Manning was trained in CPR, as was Hamilton. Payne said she was well-trained as safety coordinator for the Saxon Group. But none of them had the experience of Fuller, retired from the Gwinnett County Fire Department after 25 years of service.
Which explains Fuller's calm approach to saving a choking victim.
"I've spent half my life working in emergency services," said Fuller, who now lives in Lula. "It was just second nature.
"I used to teach CPR and I'd tell them, You guys have to be the hero here.' It was just a matter of listening to my own words of wisdom to the people I taught."
Fuller may have been calm, but it doesn't mean he wasn't affected by the rescue.
After a year sabbatical following his retirement, he is actively pursuing a job in emergency services.
Hamilton, professional services coordinator for Trident Imaging Services, said you can't help but be changed by such an event. Even though he's well-trained in CPR, he says he will "take it a lot more seriously."
"It shows how precious life is," he said.
Said Manning: "Thank God that Suwanee Sports Academy had that AED (automated external defibrillator). That technology is clearly what saved (Lulko's) life."
Manning said he was very emotional following the rescue of Lulko. He said he was brought to tears while relaying the story to his wife later that day and moved to get a cardiac scan thereafter.

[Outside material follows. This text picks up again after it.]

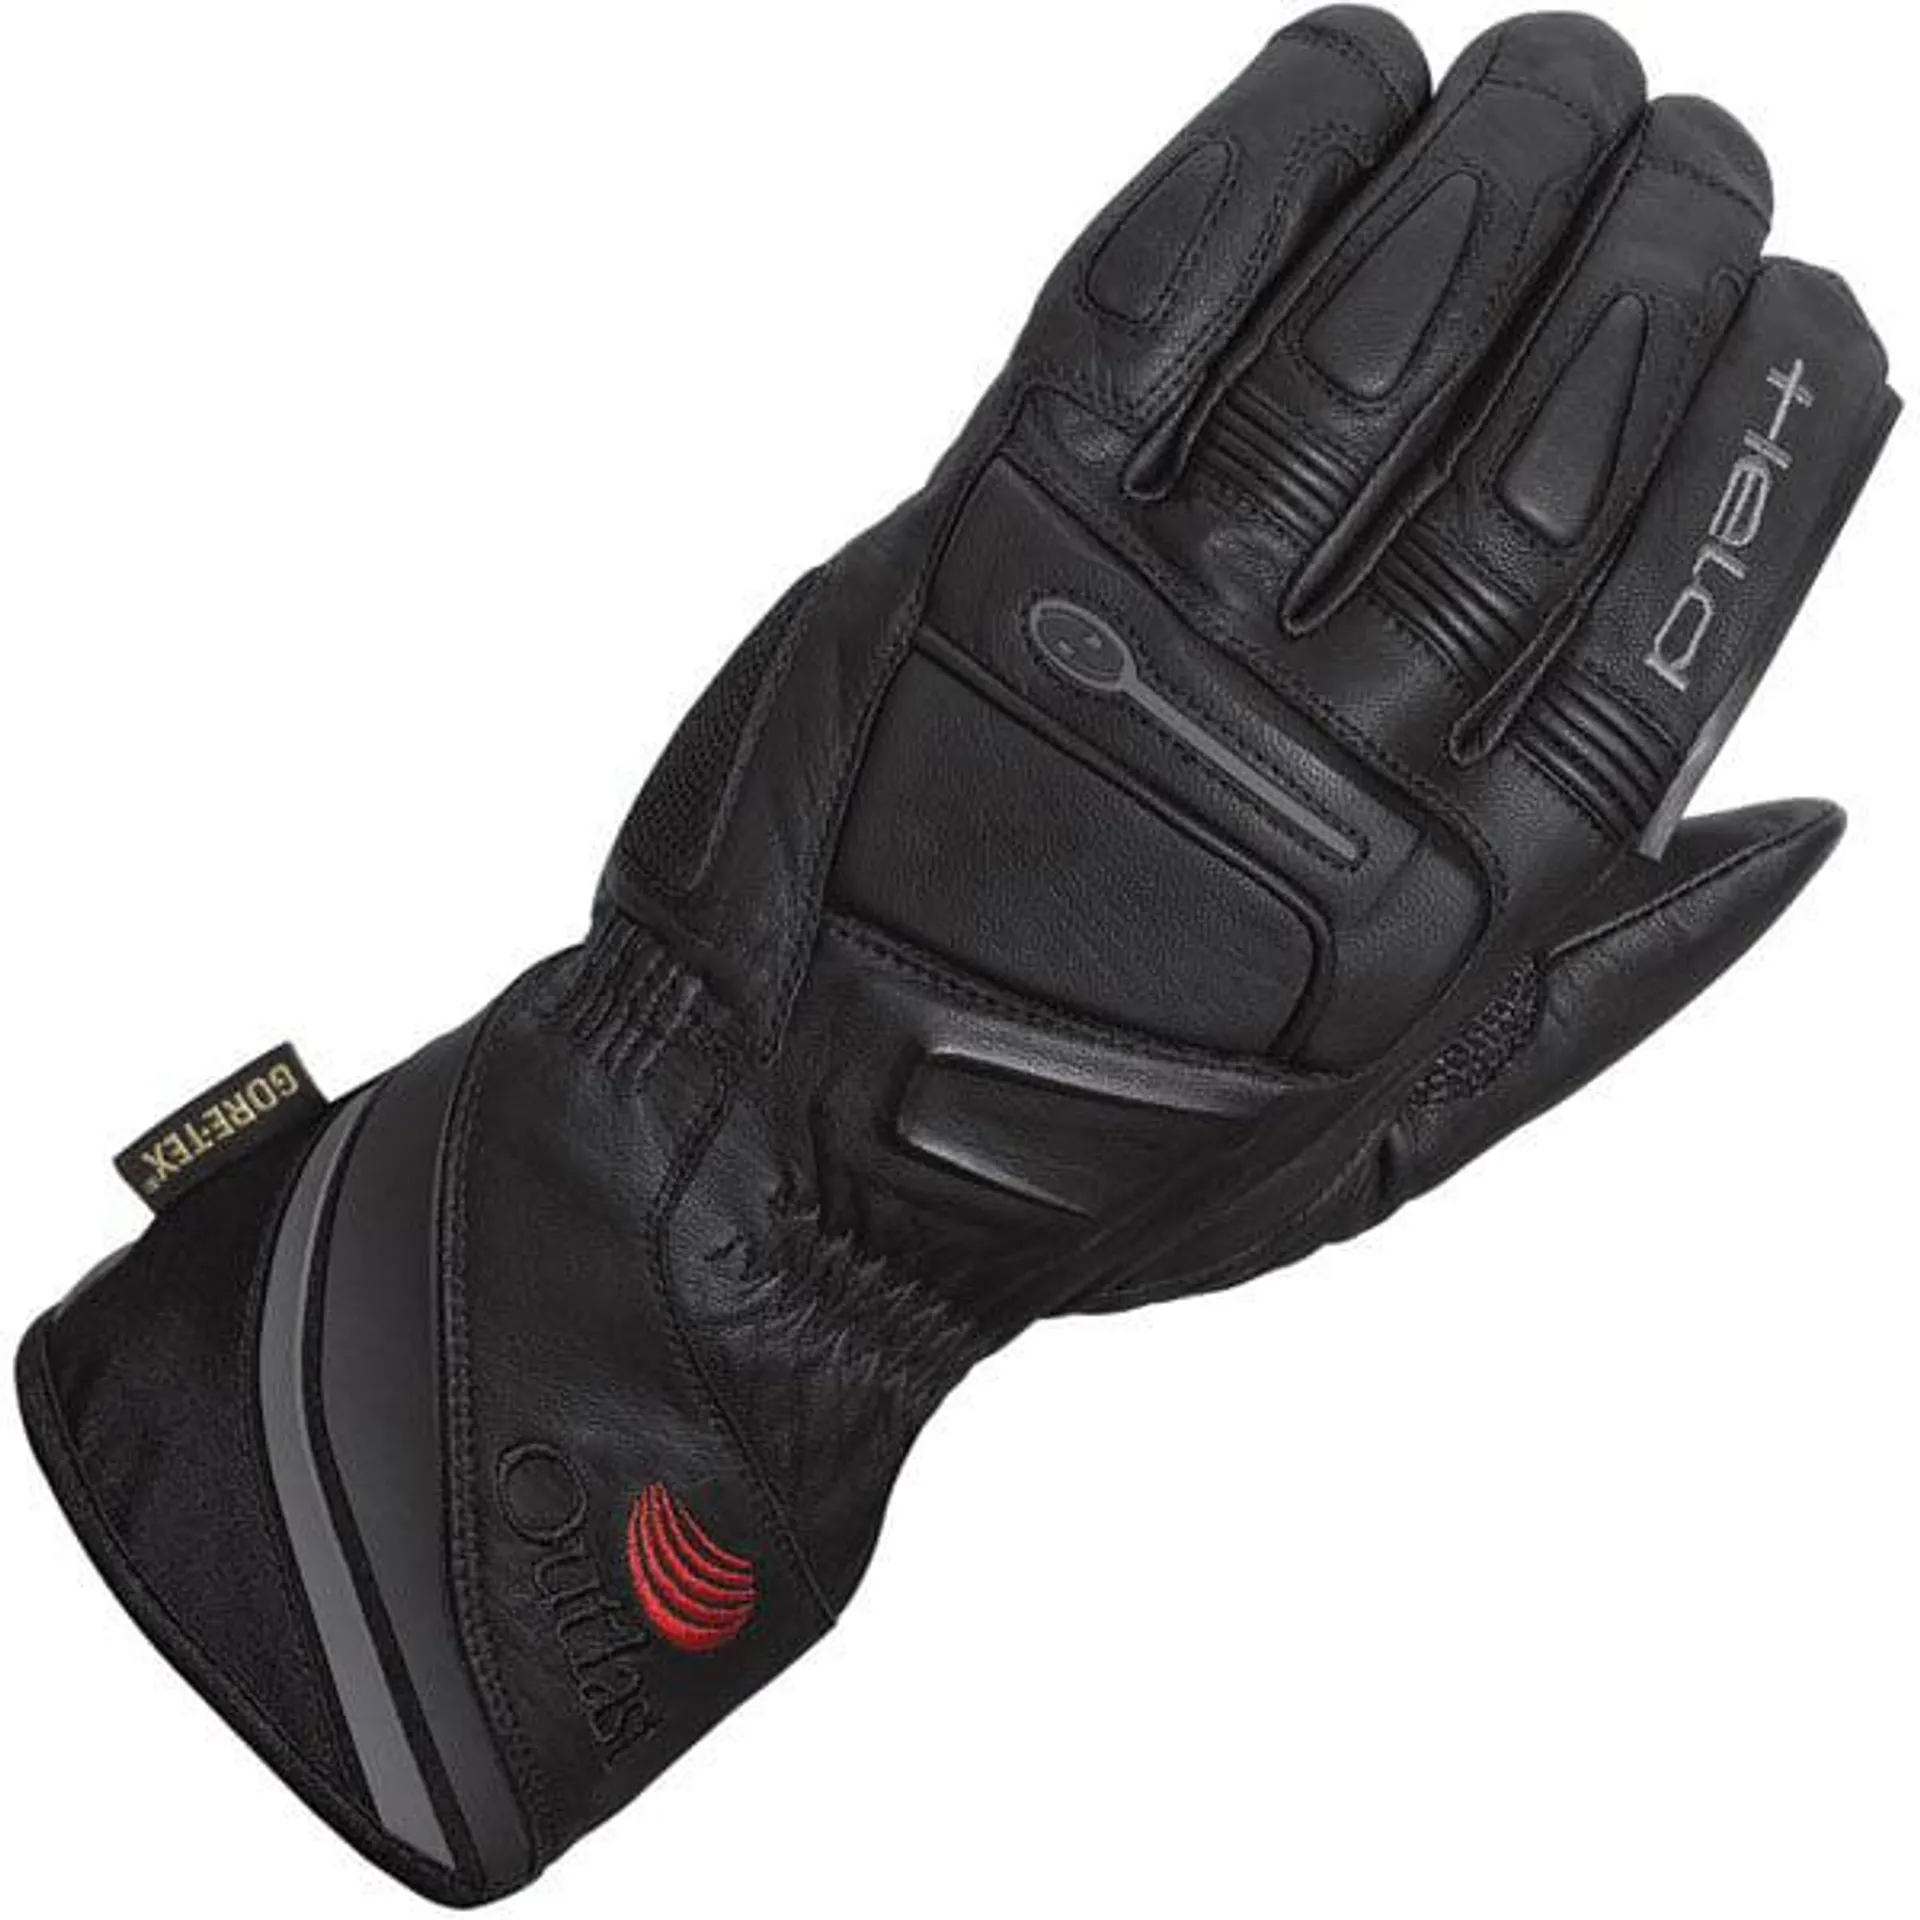 Held Season Gore-Tex Glove - Black
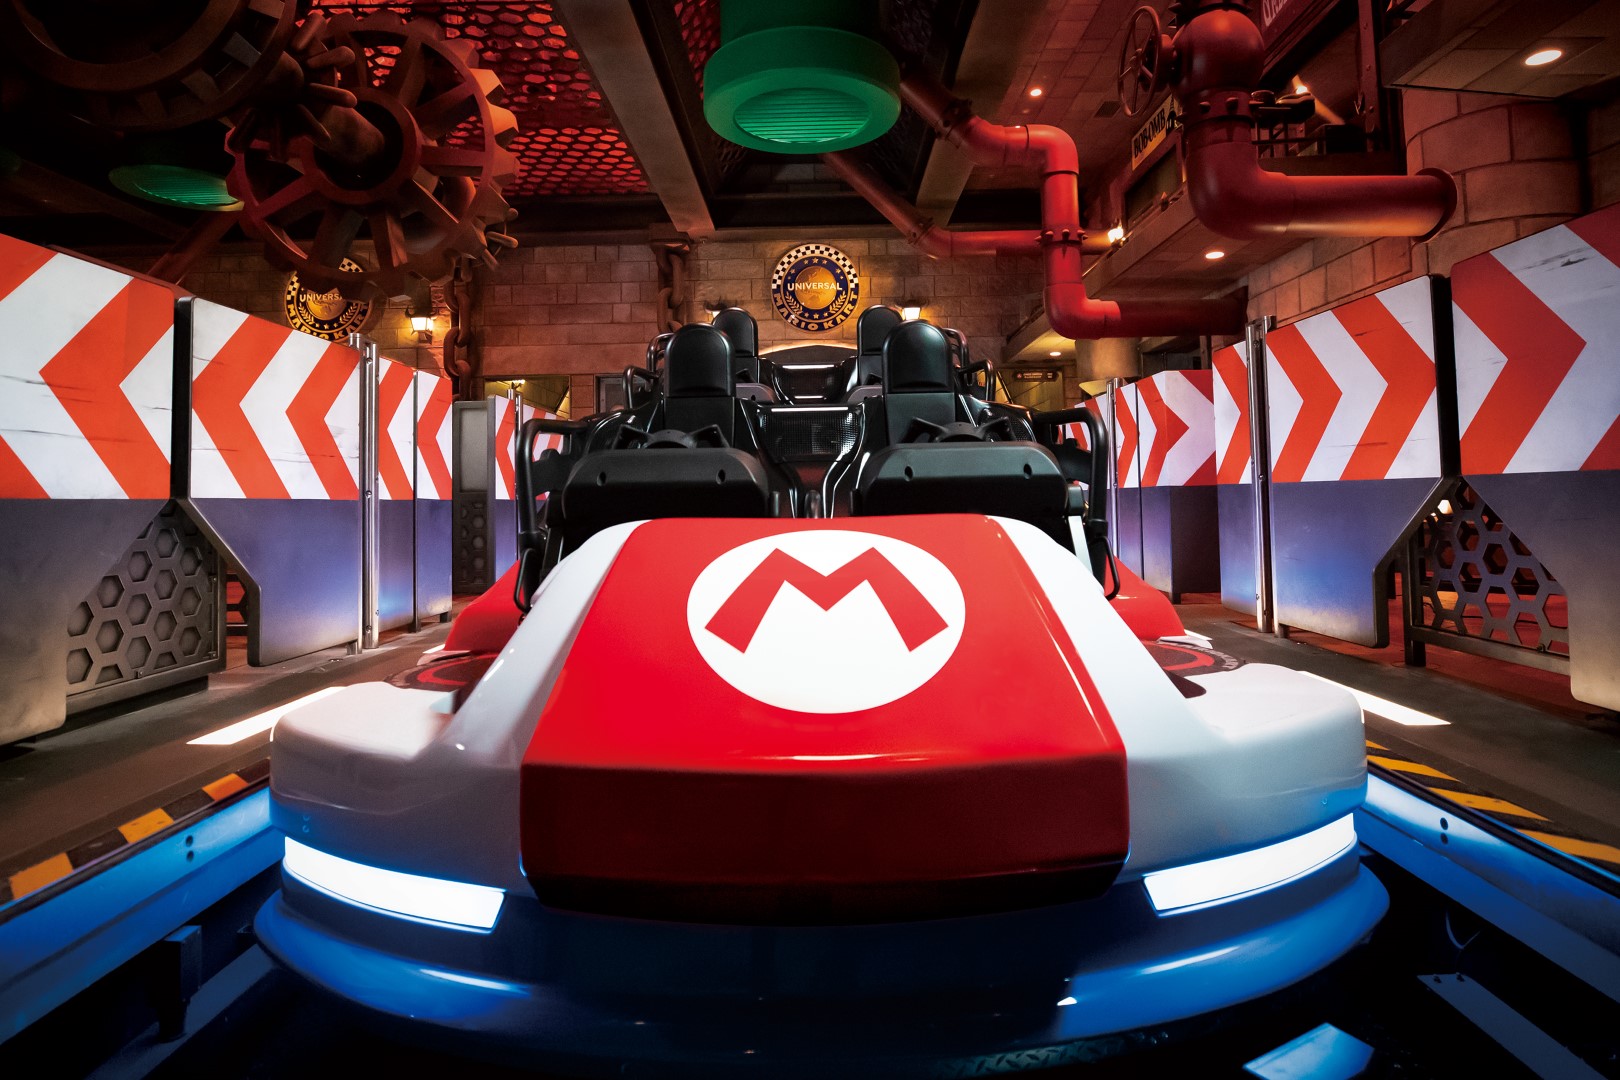 Usj スーパー ニンテンドー ワールド 2月4日オープン マリオカートのライドも初公開 Engadget 日本版

Payne is less than a week removed from her heroics, though she doesn't think the word applies. She said she was merely doing, as Hamilton expressed earlier, what any person should do for another.
"I don't consider myself a hero," Payne said. "I feel I'm lucky to be at the right place at the right time.
"I'm like everyone else: I work hard and I work eight hours a day. But when it comes down to seeing someone who needs help, I will take that time to help them."
It's a credo we'd all do well to live by.